The other favourite couldn't be more different. Okichi San. Where Camera Camera is urgent and full of brash confidence, Okichi San is leisurely and languid and also calculated down to the last note. If Camera Camera rocks out, Okichi San is jazzy lounge. The similarity is both use Annie's versatility as well as her ability to do high vocalise beautifully, as if it were an instrument all by itself. This is one of their more progressive tracks in general (and not just on the album). It manages to borrow from New Wave without dumbing down the songwriting.

That, unfortunately, cannot be said for some of the other tracks like Fairies, Jigsaw or Running Away With You. Something about the playfulness of Fairies perhaps appealed to Annie and she runs with it but I don't find her delivery particularly convincing on Jigsaw (barring that shriek :P) or Running Away with You. Running...in particular is a jarring precursor to the terrible Missing Persons (both written by Camp, incidentally). If Dunford wanted to keep some prog going amidst the New Wave embrace, Camp was more eager to go all out New Wave and grab that hit (which never came, as it transpired).

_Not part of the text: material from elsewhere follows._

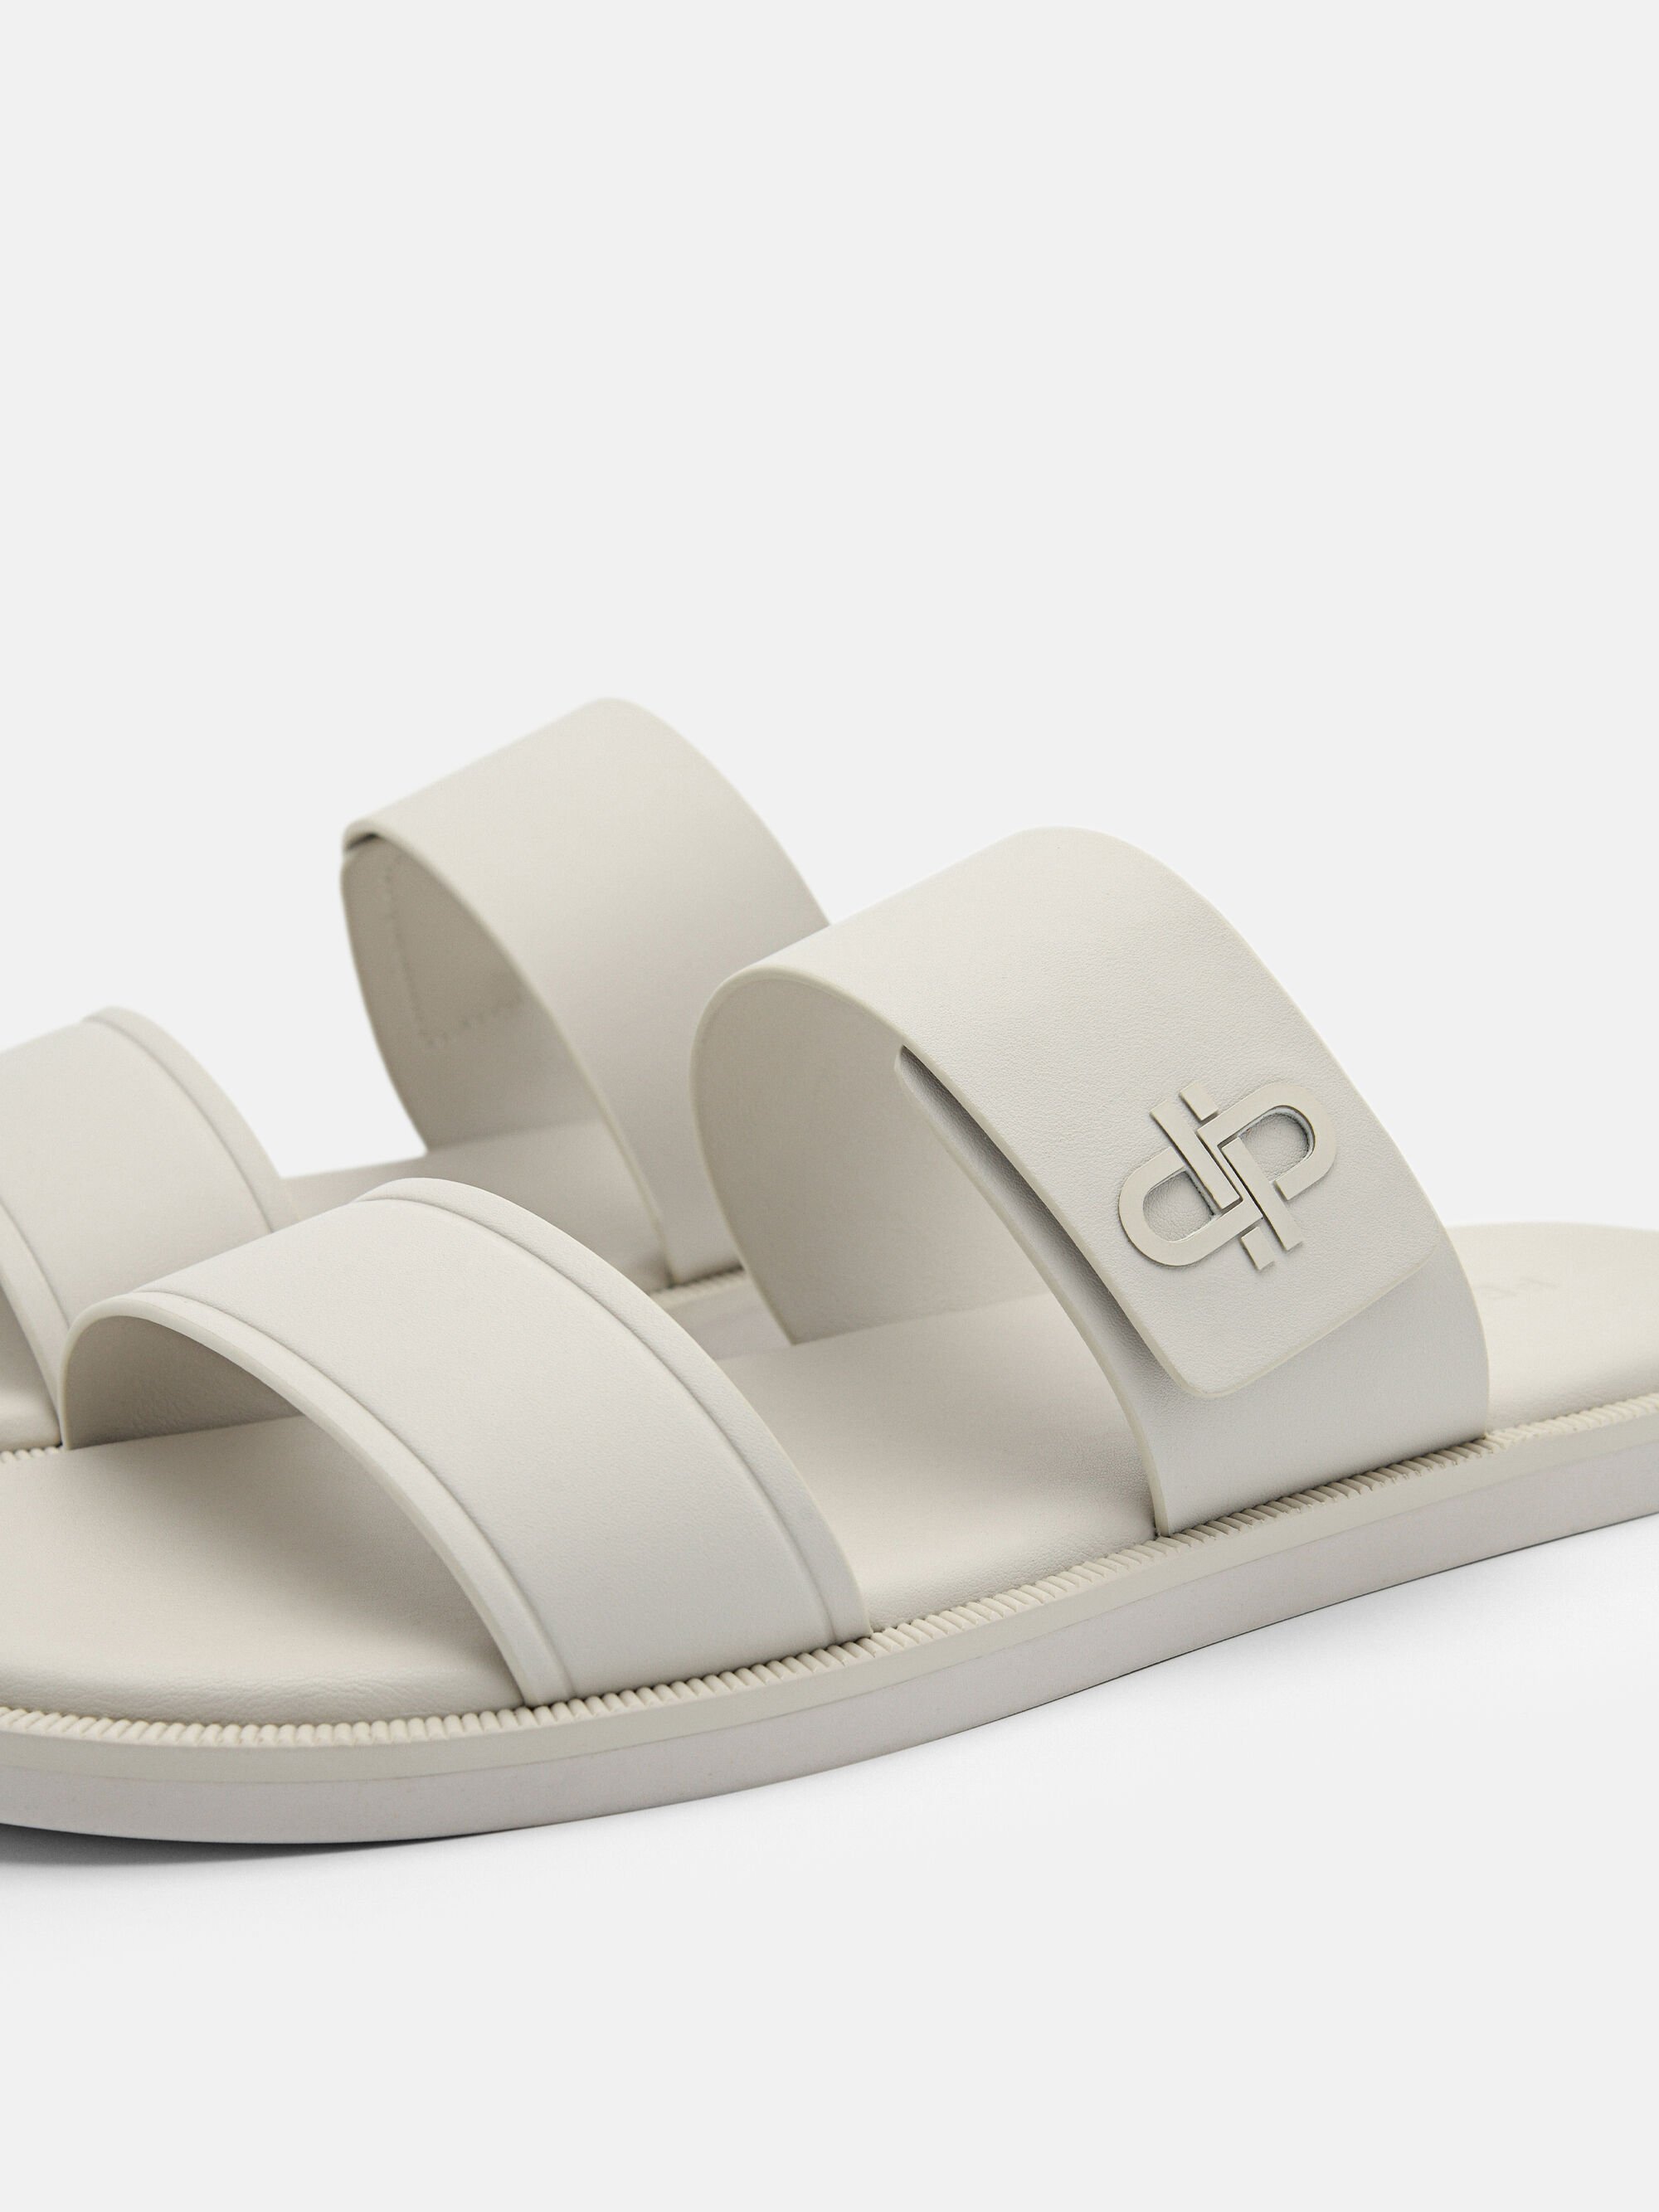 PEDRO Icon Slide Sandals, Taupe

As mentioned earlier, Bonjour Swansong has a lot of heart and works just because. There's nothing unusual or amazing about it, just a simple but nice melody sung really well (as usual). Also worth mentioning is Remember, one of Renaissance's most beautiful melodies. Again, where earlier their melodies were written so Annie would make them come alive, here at last they show the potential to write melodies that were truly interesting just standalone. Remember in particular has a beautiful progression. It is marred a little by whatever it is that Peter Gosling does at the end. Elsewhere, Gosling and Barron's considerable chops do give a much needed fillip to the band's energy levels, something also noticeable in their live set during this period. The stately sounding Tyrant Tula and Ukraine Ways don't work so well for me, but they also don't annoy me. Ukraine Ways in particular is an attempt to fit the symphonic approach of Renaissance in 80s sounds. But these tracks needed the light touch of Sullivan; Barron's energetic thumping combined with electric guitar and 80s keyboards makes it altogether a little oppressive (for me).

All in all, Camera Camera is very much a mixed bag. But to evoke the "life is a box of chocolates" metaphor from Forrest Grump ( I know, I heard you groan), why miss out on the ones that taste delicious just because some of the other chocolates suck? The parts of Camera Camera that work, work so well you will be amazed Renaissance could pull this off. For a long time, fans have been unhappy that these albums derailed the band into liquidation back in the 80s. But it's all water under the bridge. Annie has ably led the band into new frontiers since the 2009 reunion. So the time is ripe to relax and enjoy those tracks from Camera Camera that still hold up after all these years. For the intent to take risks and for pulling it off well at least in parts, I give this one three stars, placing it above Azure D'Or and Grandine Il Vento.